Is there a practical use for the GNU factor command?

Wikipedia, "Factor (Unix)" with an interesting take:

factor first appeared on 5th edition Research Unix in 1974, as a "user maintained" utility (section 6 of the manual). In the 7th edition in 1979, it was moved into the main "commands" section of the manual (section 1). From there, the factor utility was copied to all other variants of Unix, including commercial Unixes and BSD. In some variants of Unix, it is classified as a "game" more than a serious utility, and therefore documented in section 6.

So it would seem that some user(s) liked to play around with prime factors and wrote factor - and once it existed, there probably was no good reason not to include it as a command in subsequent Unix versions.

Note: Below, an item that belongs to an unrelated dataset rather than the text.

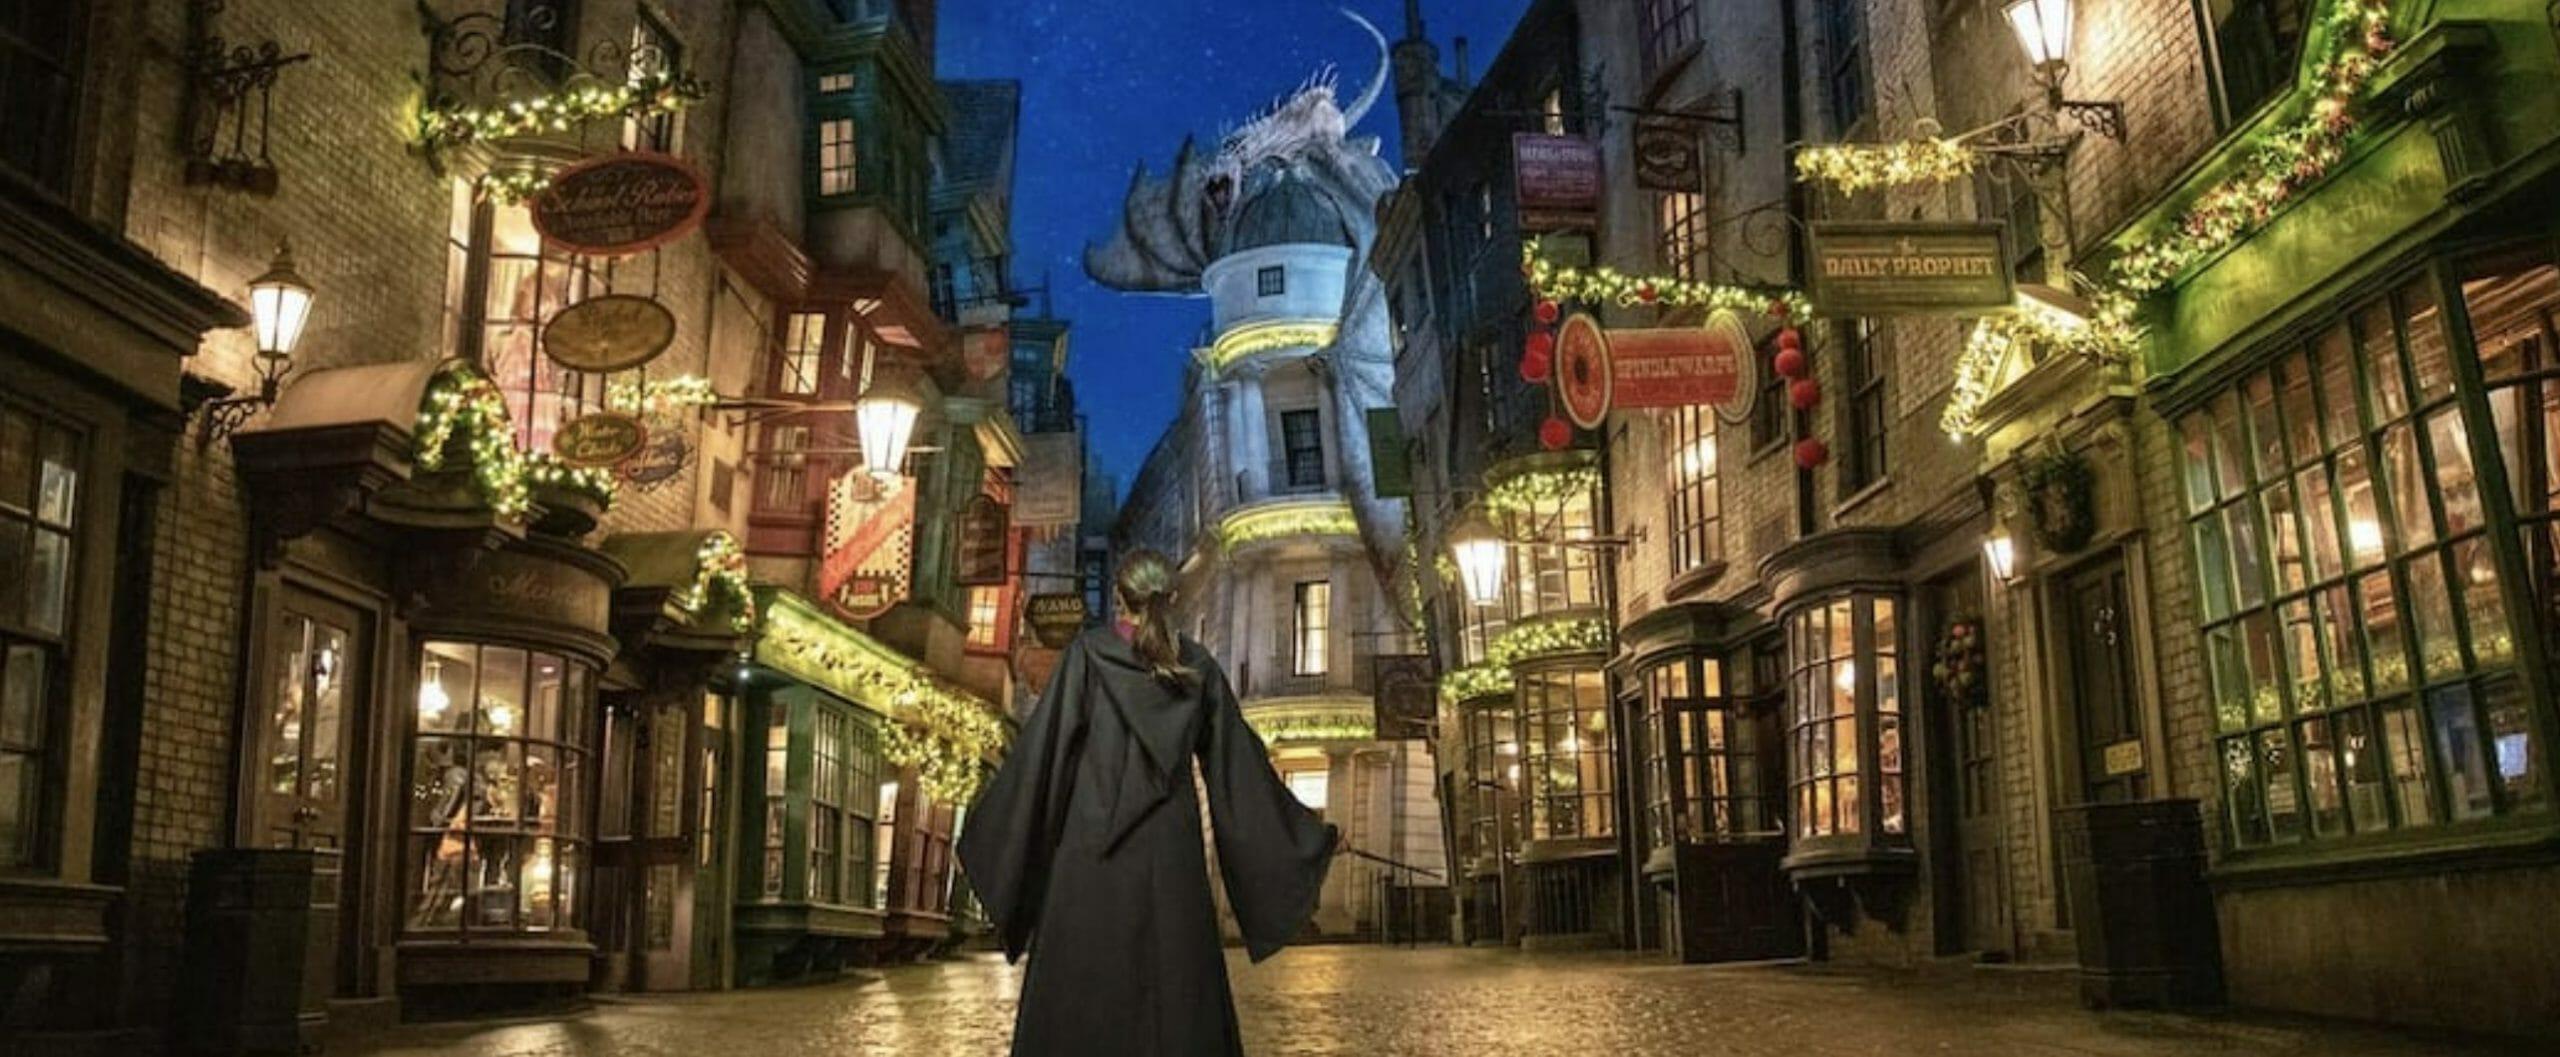 Imagem da decoração de Natal de Harry Potter no Beco Diagonal, na Universal Studios

So the "practical uses" of factor may depend on what you consider practical - if you are into prime number theory, it is probably a great tool/game/whatever.

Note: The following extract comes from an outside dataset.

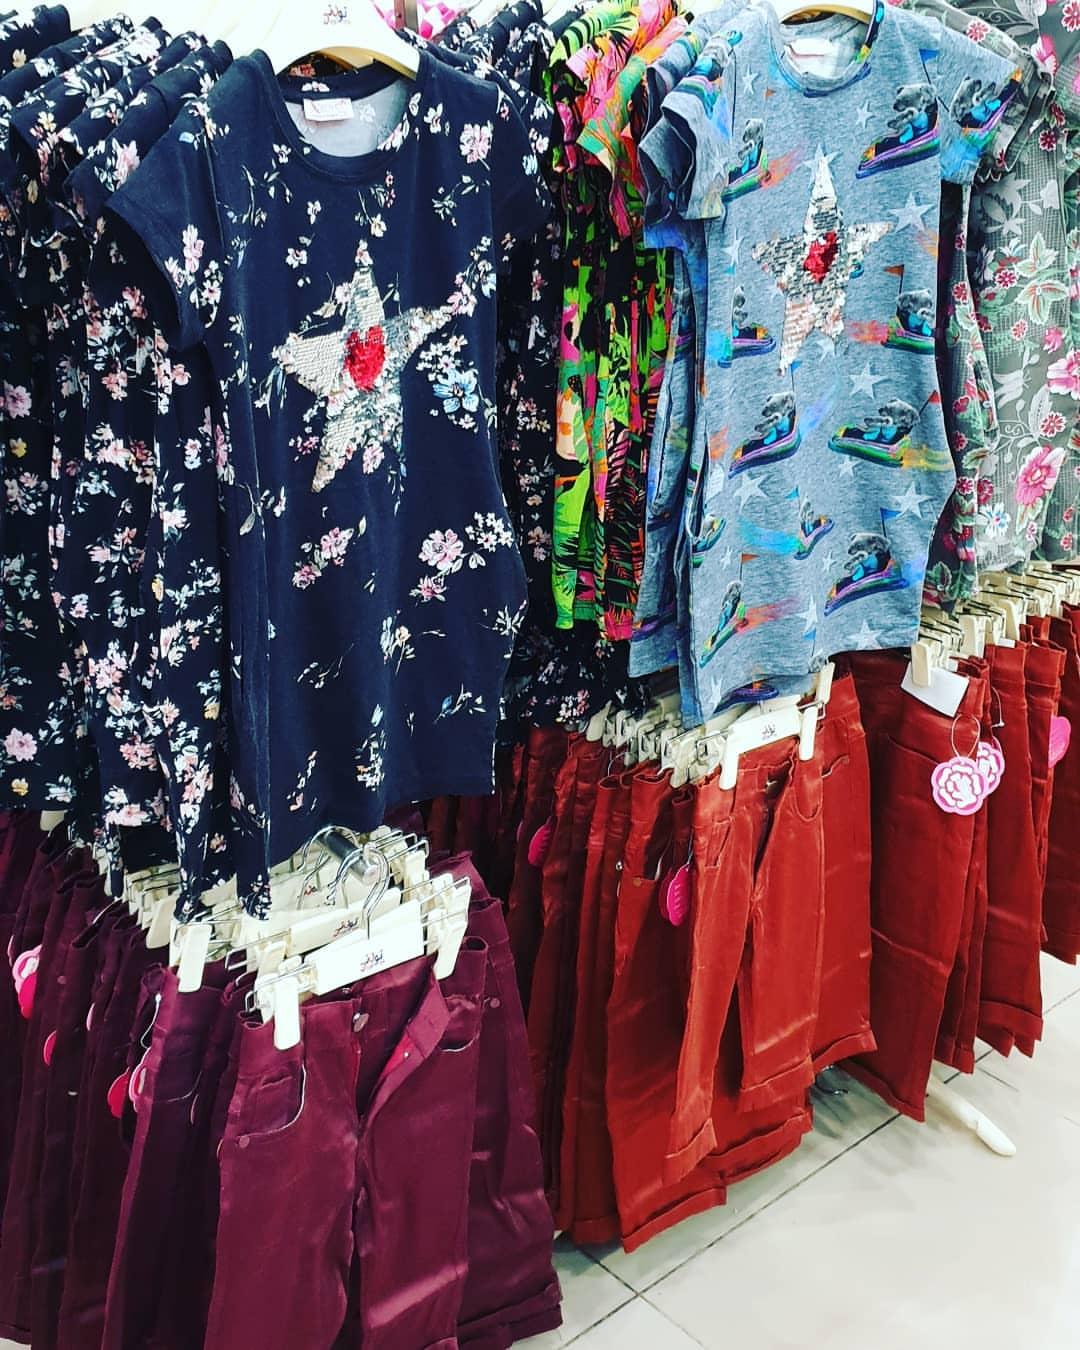 ملابس توب تن بالصور تشكيلة جديدة من الملابس في توب تن كلام حب

I know that in at least one case, for me factor was helpful in the analysis of a large data file of unknown format.

If you suspect a file has fixed length records, the prime factors of the file's length provide a starting point from which to determine the actual record length.


It will tell you what prime numbers can be multiplied together to get the number you've specified:

e.g 20 = 2 * 2 * 5

So,

> factor 20

You get 20: 2 2 5 as output

If the number was a prime, e.g 19, you will get a 19 only.